# MultigPU Torch sanity check (ROCm)

This notebook does the following for us 9if everything is indeed fine):
- prints PyTorch build info
- prints how many GPUs torch sees
- runs a small matmul on **each** GPU and prints `OK` per device :)


In [None]:
import sys, platform
print('Python:', sys.version)
print('Platform:', platform.platform())
print('Executable:', sys.executable)


In [None]:
import torch
print('torch.__version__:', torch.__version__)
print('torch.version.hip:', getattr(torch.version, 'hip', None))
print('torch.cuda.is_available():', torch.cuda.is_available())
print('torch.cuda.device_count():', torch.cuda.device_count())

if torch.cuda.is_available():
    for i in range(torch.cuda.device_count()):
        print(f'Device {i}:', torch.cuda.get_device_name(i))
else:
    print('No GPU visible to torch.')


In [None]:
import time
import torch

def matmul_on_device(i: int, n: int = 2048, iters: int = 20, warmup: int = 5):
    device = torch.device(f'cuda:{i}')
    # just for the sake of it, use fp16 like typical ROCm workloads; reduce n if you want it faster.
    a = torch.randn((n, n), device=device, dtype=torch.float16)
    b = torch.randn((n, n), device=device, dtype=torch.float16)
    # warmup just to see the usage u know
    for _ in range(warmup):
        c = a @ b
    torch.cuda.synchronize(device)
    t0 = time.time()
    for _ in range(iters):
        c = a @ b
    torch.cuda.synchronize(device)
    t1 = time.time()
    # touch result so it cantt be optimized away; mean triggers a reduction so an opps.
    m = c.mean().item()
    return (t1 - t0), m

if not torch.cuda.is_available():
    raise SystemExit('No torch-visible GPU; nothing to test ;((.')

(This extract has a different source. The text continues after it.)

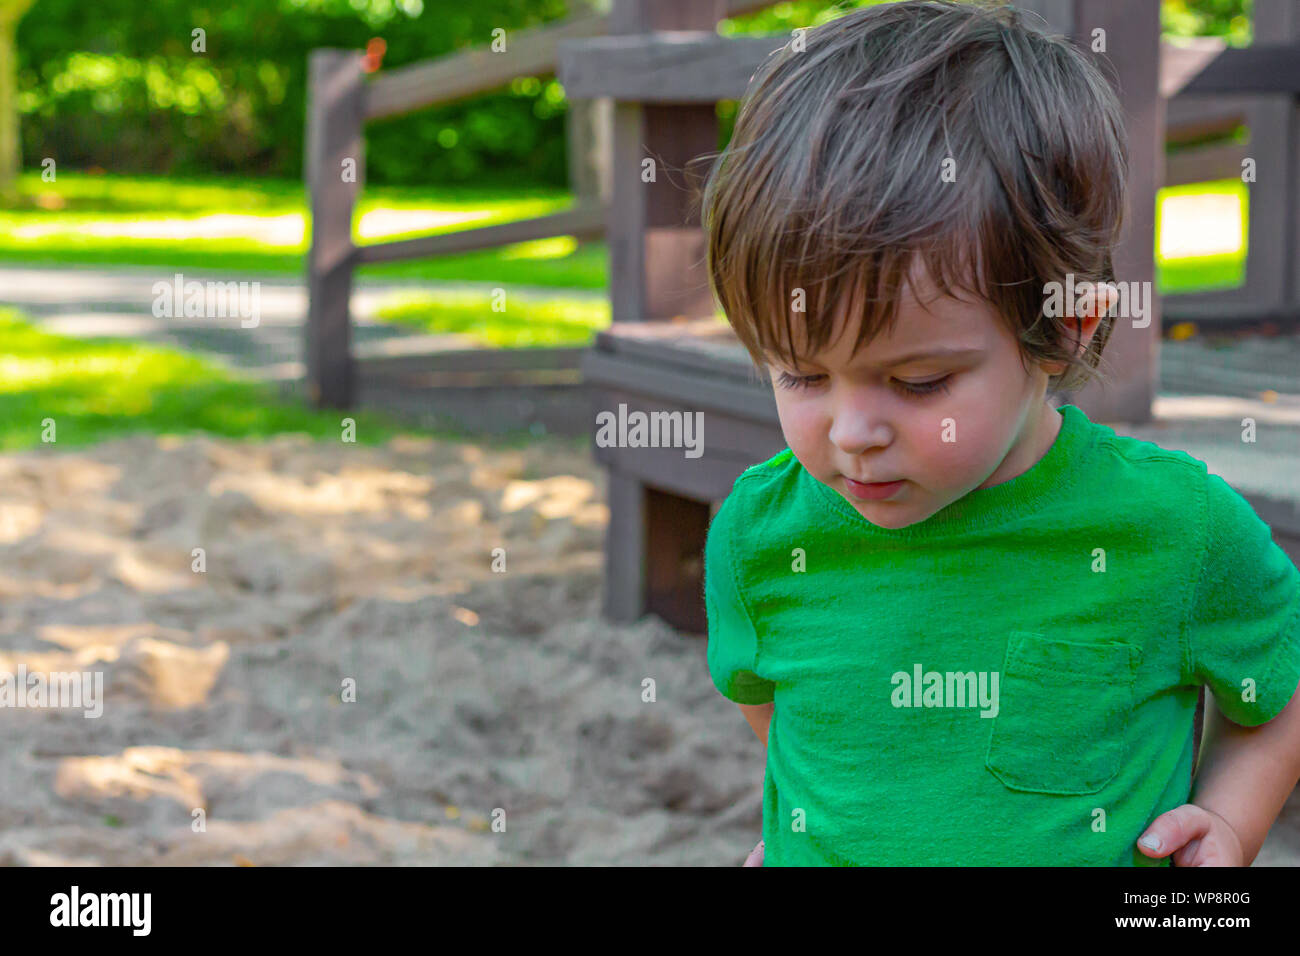 Un bambino in una camicia verde, a circa due anni di età, sorge nella sabbia di un parco giochi ma sembra essere nel profondo del pensiero. Foto Stock

count = torch.cuda.device_count()
print(f'Running matmul test on {count} GPU(s)...')

all_ok = True
results = []
for i in range(count):
    try:
        elapsed, meanv = matmul_on_device(i)
        print(f'GPU {i}: OK | elapsed={elapsed:.4f}s | mean={meanv:.6f}')
        results.append((i, True, elapsed, meanv))
    except Exception as e:
        all_ok = False
        print(f'GPU {i}: FAIL | {type(e).__name__}: {e}')
        results.append((i, False, None, None))

print('\nSUMMARY:', 'OK' if all_ok else 'FAIL')